Increased frequency of Foxp3+CD8+ T cells are associated with disease progression during HIV infection.

Abstract

Objectives: Recent years have witnessed unprecedented strides in comprehending non-CD4 regulatory T cells (Tregs), such as CD8+ Tregs and double negative T cells (DNT cells), and their role in sustaining immune tolerance and restricting immune activation. This study investigates the role of Foxp3+CD8+ T cells during HIV infection and assess the markers associated with CD4+ Tregs.
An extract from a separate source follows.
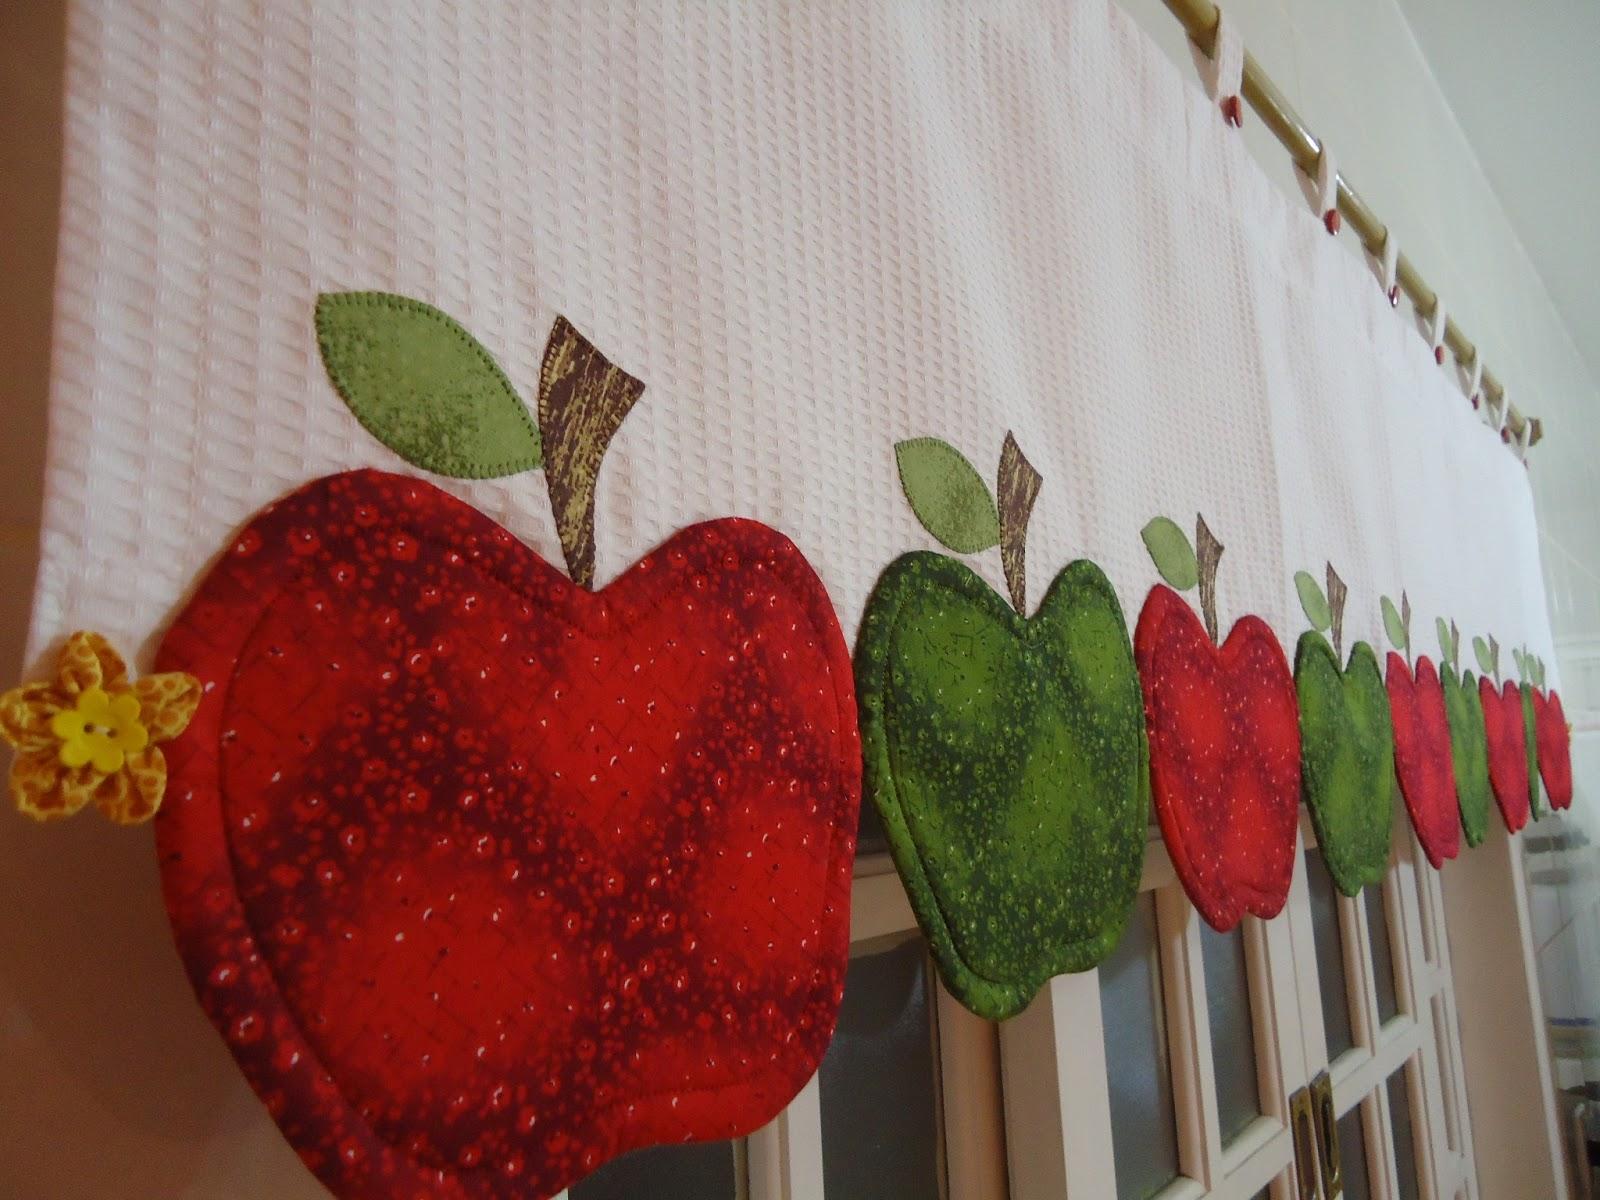 Cortinas e band s on pinterest valances curtains and - Bandos para cortinas ...

Design: This study was designed as a cross-sectional cohort study, comprising 21 age-matched healthy controls (HCs), 122 treatment-naïve participants (TNs), and 60 people living with HIV (PLWH) receiving successful treatment (ARTs).

Methods: The frequency of Foxp3+CD8+ T cells was assessed alongside CD4+ Treg-associated markers and plasma inflammatory factor levels.

Results: Foxp3+CD8+ T cells were enriched in PLWH with CD4+ T cell count < 350 cells/μl and persisted after antiretroviral therapy (ART). Besides, the Foxp3+CD8+T cells were correlated with CD4+ T cell count, CD4/CD8 ratio, and the parameters of activation and systematic inflammation in PLWH. Moreover, Foxp3+CD8+ T cells expressed different levels of Tregs related markers compared to CD4+ Tregs and Foxp3+ DNT cells.

Conclusion: The Foxp3+CD8+T cells are associated with HIV disease progression and employ distinct mechanisms to exert their functions.